We propose G-OPD, a generalized on-policy distillation framework, in which we introduce a reward scaling factor and a flexible reference model. Building on G-OPD, we propose ExOPD (On-Policy Distillation with Reward Extrapolation), which outperforms standard OPD in both same-size and strong-to-weak distillation settings.
- [2026.3.18] We update the code logic for our self-implemented on-policy self/context-distillation. For usage, please refer to On-Policy Context-Distillation.
- [2026.2.17] We release the training code and data.
- [2026.2.16] We release the evaluation code.
- [2026.2.13] We release our paper on arxiv.
Our code is mainly based on verl (v0.6.1).
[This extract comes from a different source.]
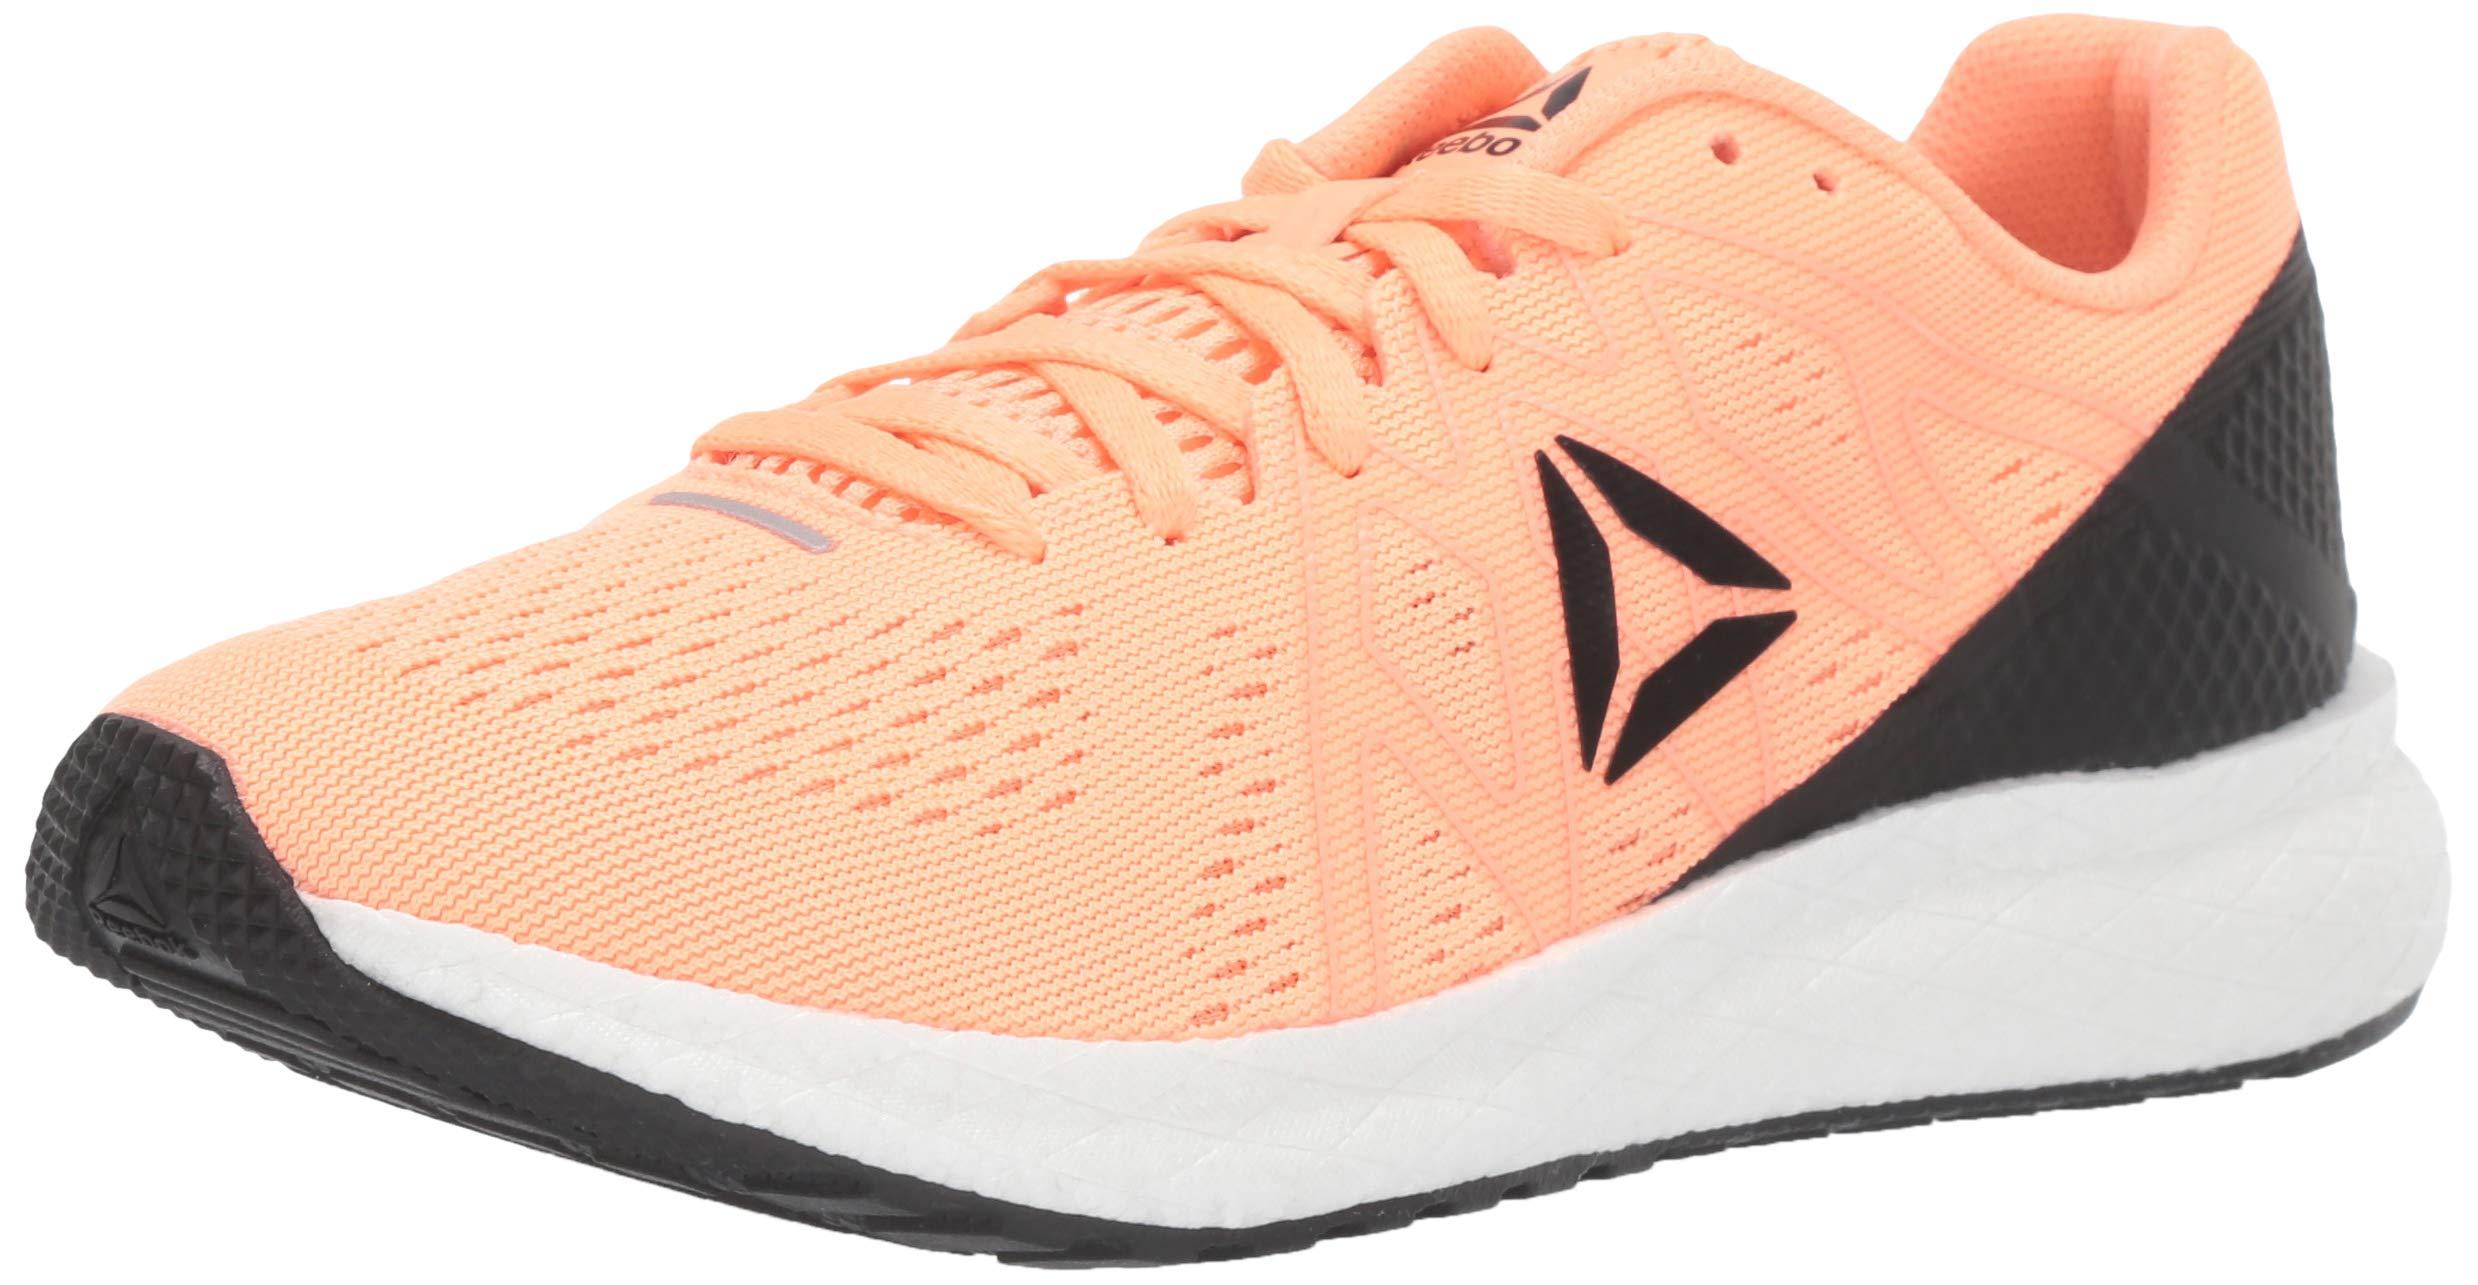 Reebok Women's Forever Floatride Energy Running Shoe, Sunglow/Black/White, 9 M US by Reebok
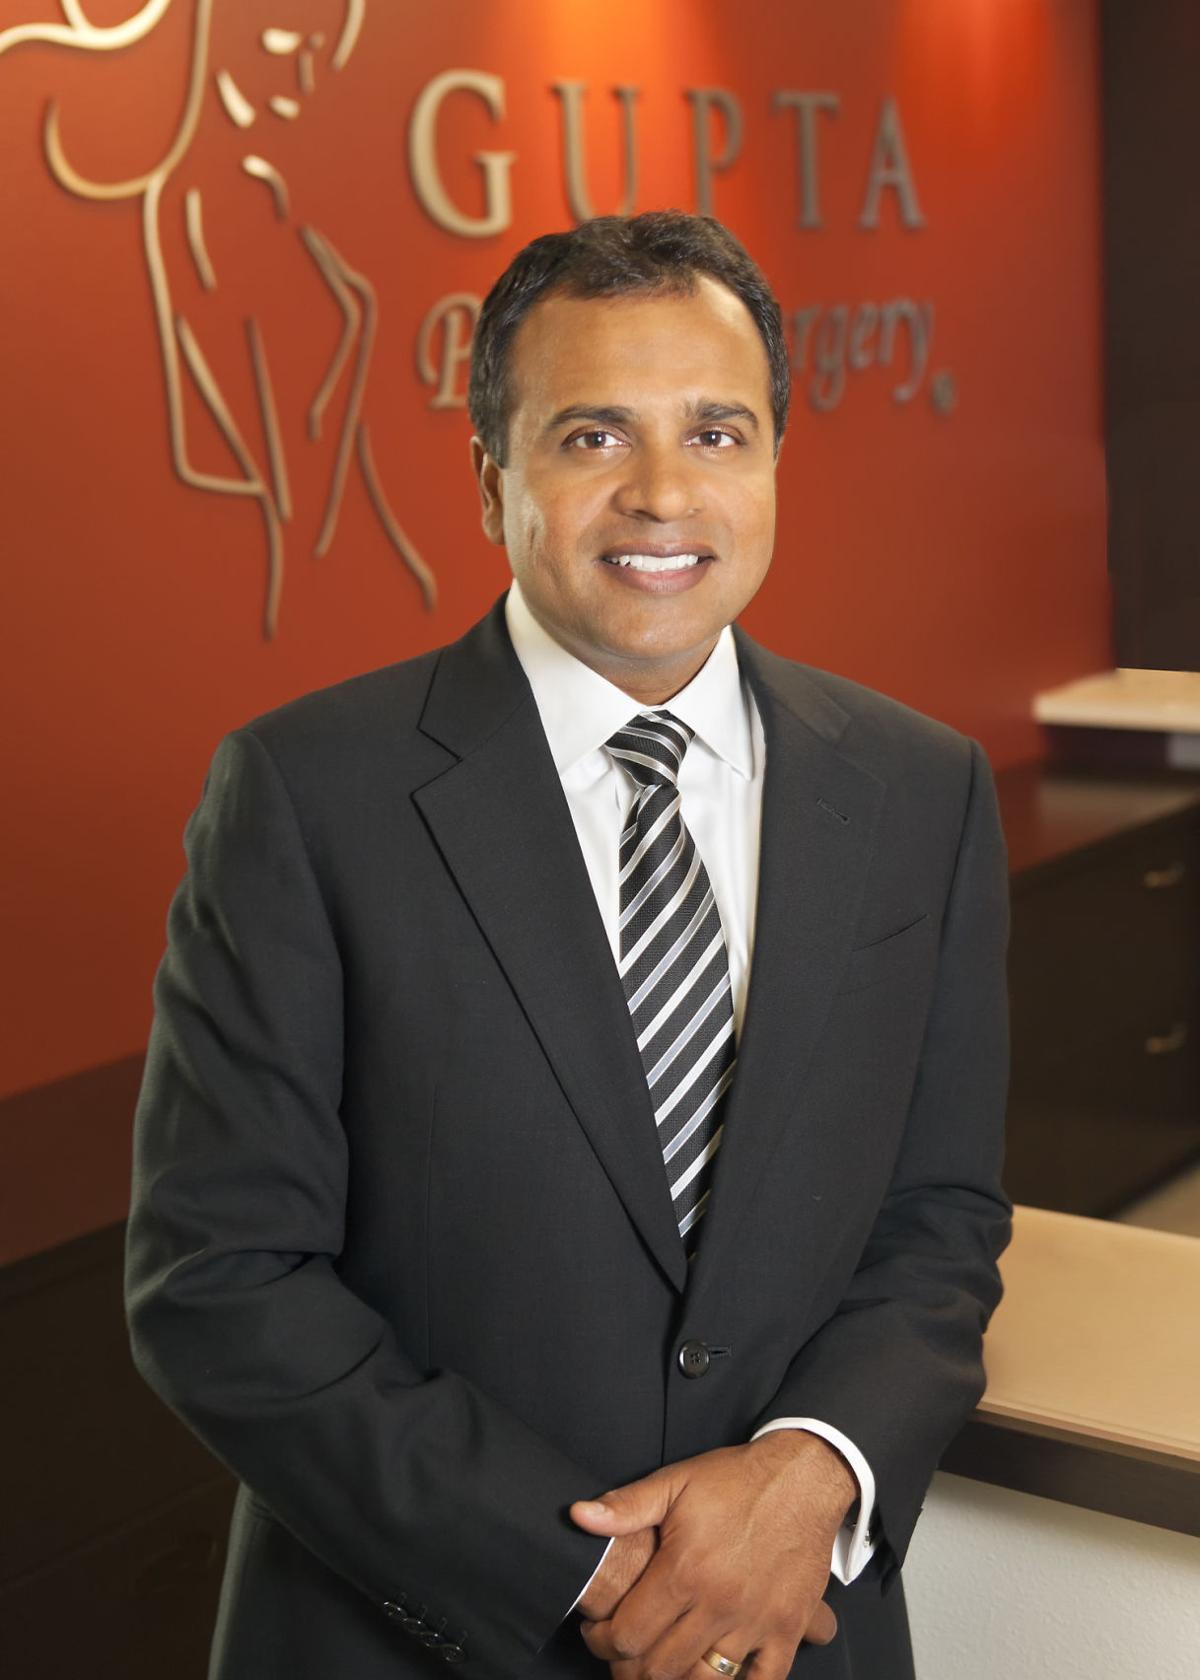 Abhay Gupta, M.D., F.A.C.S.

To prepare the environment, please follow these steps:
conda create -n verl python==3.10
conda activate verl
cd verl/
USE_MEGATRON=0 bash scripts/install_vllm_sglang_mcore.sh
pip install math-verifyOur training data is provided in here.
We provide an example for GRPO training in the script verl/examples/grpo_trainer/run_qwen3-4b-math.sh.
An example for running G-OPD in the single-teacher distillation setting is
export WANDB_API_KEY=""
export WANDB_MODE=online
export USED_MODEL="no_api"
aime24_test_path=../G-OPD-Training-Data/AIME2024/test.parquet
aime25_test_path=../G-OPD-Training-Data/AIME2025/test.parquet
test_files="['$aime24_test_path', '$aime25_test_path']"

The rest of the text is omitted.